LANGUAGE SPOKEN AT HOME

In the 2011 Census, 83% of Aboriginal and Torres Strait Islander people reported speaking only English at home, similar to the proportion of non-Indigenous people (80%).

About one in 10 Aboriginal and Torres Strait Islander people (11%) reported speaking an Australian Indigenous language at home. Aboriginal and Torres Strait Islander people aged 25 to 44 years were most likely to speak an Indigenous language at home (13%), followed closely by those aged 15 to 24 years and those aged 45 years and over (both 11%). Aboriginal and Torres Strait Islander children aged 14 years and under were least likely to speak an Indigenous language (10%) and most likely to speak only English at home (85%).

Of the Australian Indigenous languages spoken at home, languages in the Arnhem Land and Daly River Region Languages and Western Desert Languages groups were the most widely spoken (18% and 14% respectively). The next most prominent language groups spoken at home were Yolngu Matha and Torres Strait Island Languages (11% each).

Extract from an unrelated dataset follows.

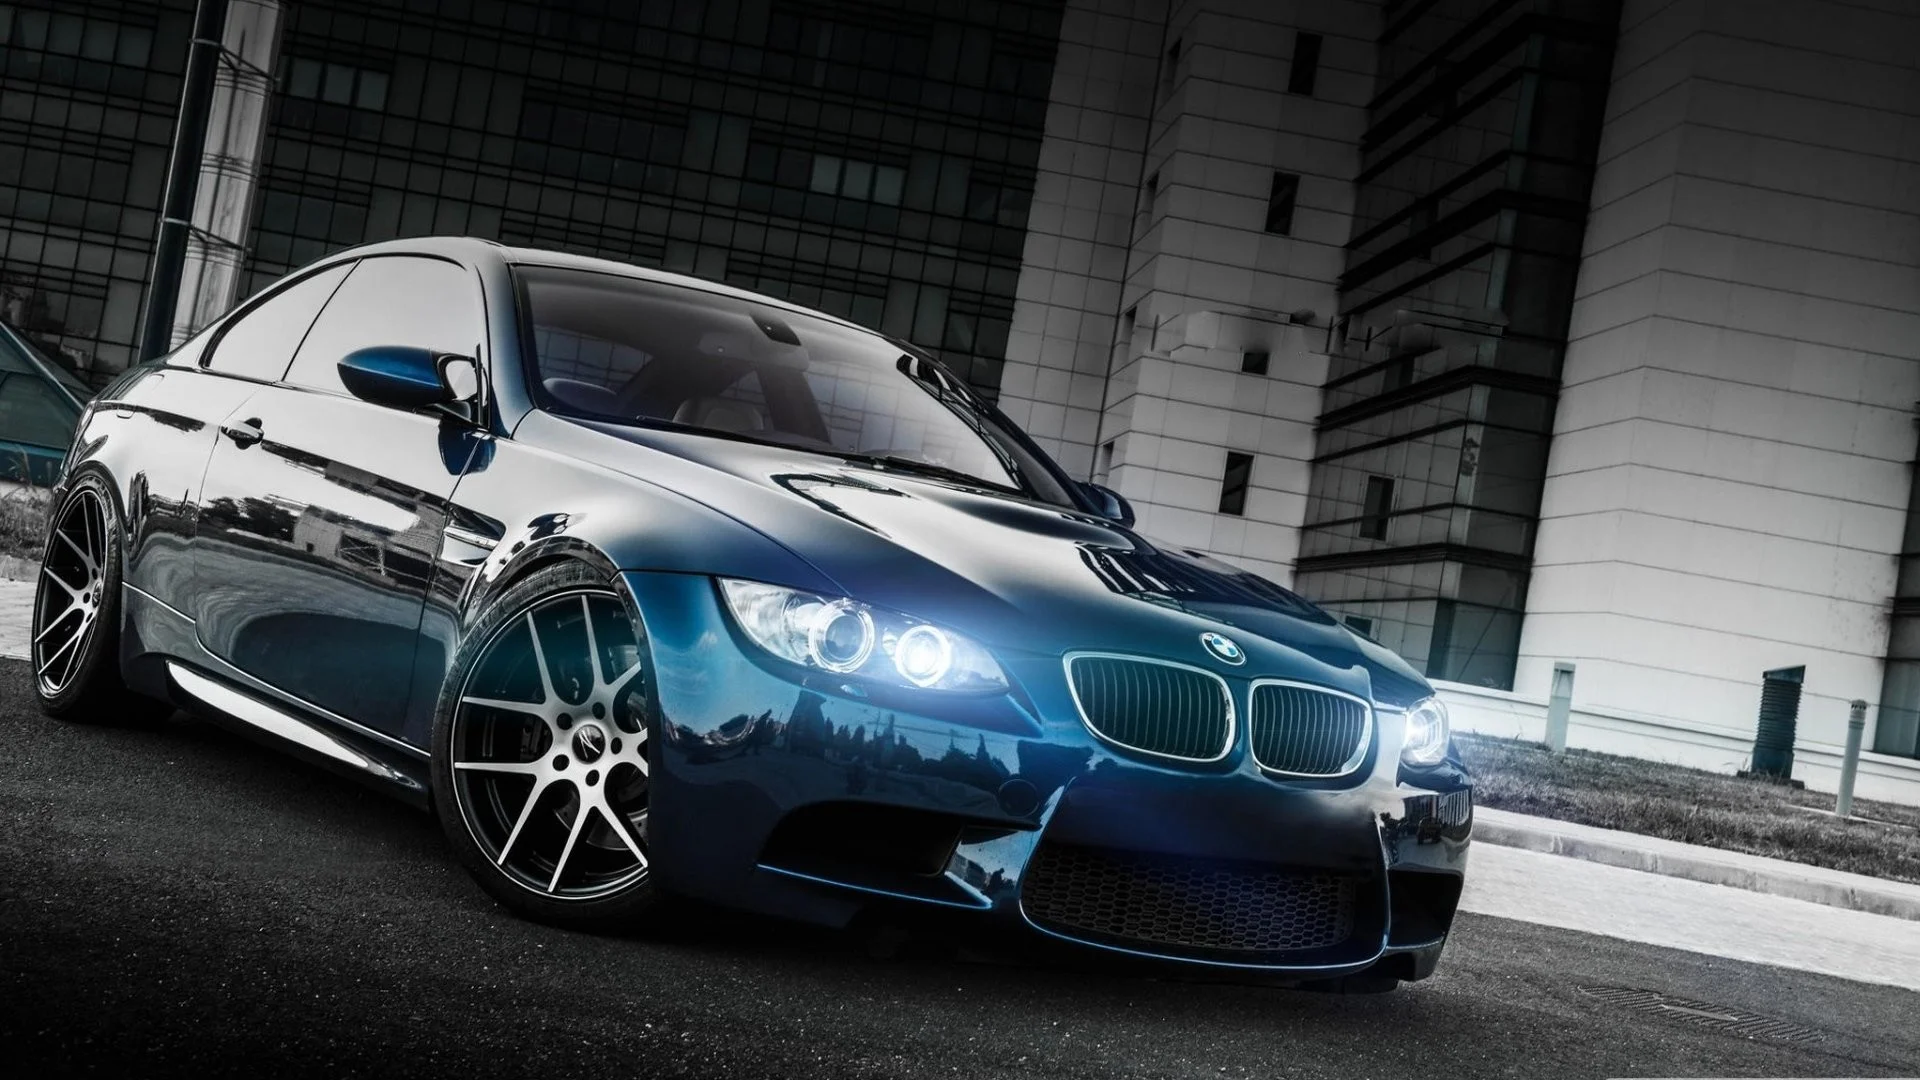 BMW Wallpapers High Quality BMW Backgrounds VDG

AUSTRALIAN INDIGENOUS LANGUAGE SPEAKERS BY LANGUAGE GROUP(a), Aboriginal and Torres Strait Islander people(b)

Graph shows Arnhem Land and Daly River Region languages have the highest proportion of speakers, followed by Western Desert languages, Yolngu Matha and Torres Strait Island languages.



PROFICIENCY IN SPOKEN ENGLISH

Of Aboriginal and Torres Strait Islander people who spoke an Australian Indigenous language at home, the majority (82%) reported speaking English well or very well, while 17% reported they did not speak English well or at all. Aboriginal and Torres Strait Islander people aged 25 to 44 years reported the highest rate of speaking English well or very well (91%).


AUSTRALIAN INDIGENOUS LANGUAGE SPEAKERS BY PROFICIENCY IN ENGLISH(a), Aboriginal and Torres Strait Islander people(b)

Graph shows Aboriginal and Torres Strait Islander people aged 25 to 44 years reported the highest rate of speaking English well or very well (91%), followed by those aged 15 to 24 years (89%) and those aged 45 years and over (85%).